## What you have to do
Say the data back exactly as it is written below.
----
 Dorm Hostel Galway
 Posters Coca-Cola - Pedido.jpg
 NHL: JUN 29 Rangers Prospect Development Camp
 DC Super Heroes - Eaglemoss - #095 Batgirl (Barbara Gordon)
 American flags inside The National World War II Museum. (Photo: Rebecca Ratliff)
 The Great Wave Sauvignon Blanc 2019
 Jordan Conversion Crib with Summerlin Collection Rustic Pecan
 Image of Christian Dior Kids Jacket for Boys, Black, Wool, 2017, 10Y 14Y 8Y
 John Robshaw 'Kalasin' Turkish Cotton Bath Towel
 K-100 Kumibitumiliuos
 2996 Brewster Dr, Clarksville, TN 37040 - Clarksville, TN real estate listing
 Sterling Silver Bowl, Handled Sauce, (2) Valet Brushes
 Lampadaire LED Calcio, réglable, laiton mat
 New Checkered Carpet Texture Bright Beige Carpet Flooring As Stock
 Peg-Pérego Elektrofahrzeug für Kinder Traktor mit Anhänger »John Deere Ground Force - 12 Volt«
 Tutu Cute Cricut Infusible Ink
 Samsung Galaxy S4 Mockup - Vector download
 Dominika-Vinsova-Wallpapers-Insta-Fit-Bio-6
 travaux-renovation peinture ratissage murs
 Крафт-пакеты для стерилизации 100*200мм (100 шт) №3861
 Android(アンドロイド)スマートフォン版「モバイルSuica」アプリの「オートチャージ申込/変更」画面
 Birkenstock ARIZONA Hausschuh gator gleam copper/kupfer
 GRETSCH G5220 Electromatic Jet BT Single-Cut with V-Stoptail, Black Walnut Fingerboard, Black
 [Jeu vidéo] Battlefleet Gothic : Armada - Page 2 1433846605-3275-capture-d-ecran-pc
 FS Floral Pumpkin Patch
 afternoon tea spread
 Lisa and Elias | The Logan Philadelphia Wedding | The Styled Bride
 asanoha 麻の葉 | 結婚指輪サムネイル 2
----
## Response area
 Dorm Hostel Galway
 Posters Coca-Cola - Pedido.jpg
 NHL: JUN 29 Rangers Prospect Development Camp
 DC Super Heroes - Eaglemoss - #095 Batgirl (Barbara Gordon)
 American flags inside The National World War II Museum. (Photo: Rebecca Ratliff)
 The Great Wave Sauvignon Blanc 2019
 Jordan Conversion Crib with Summerlin Collection Rustic Pecan
 Image of Christian Dior Kids Jacket for Boys, Black, Wool, 2017, 10Y 14Y 8Y
 John Robshaw 'Kalasin' Turkish Cotton Bath Towel
 K-100 Kumibitumiliuos
 2996 Brewster Dr, Clarksville, TN 37040 - Clarksville, TN real estate listing
 Sterling Silver Bowl, Handled Sauce, (2) Valet Brushes
 Lampadaire LED Calcio, réglable, laiton mat
 New Checkered Carpet Texture Bright Beige Carpet Flooring As Stock
 Peg-Pérego Elektrofahrzeug für Kinder Traktor mit Anhänger »John Deere Ground Force - 12 Volt«
 Tutu Cute Cricut Infusible Ink
 Samsung Galaxy S4 Mockup - Vector download
 Dominika-Vinsova-Wallpapers-Insta-Fit-Bio-6
 travaux-renovation peinture ratissage murs
 Крафт-пакеты для стерилизации 100*200мм (100 шт) №3861
 Android(アンドロイド)スマートフォン版「モバイルSuica」アプリの「オートチャージ申込/変更」画面
 Birkenstock ARIZONA Hausschuh gator gleam copper/kupfer
 GRETSCH G5220 Electromatic Jet BT Single-Cut with V-Stoptail, Black Walnut Fingerboard, Black
 [Jeu vidéo] Battlefleet Gothic : Armada - Page 2 1433846605-3275-capture-d-ecran-pc
 FS Floral Pumpkin Patch
 afternoon tea spread
 Lisa and Elias | The Logan Philadelphia Wedding | The Styled Bride
 asanoha 麻の葉 | 結婚指輪サムネイル 2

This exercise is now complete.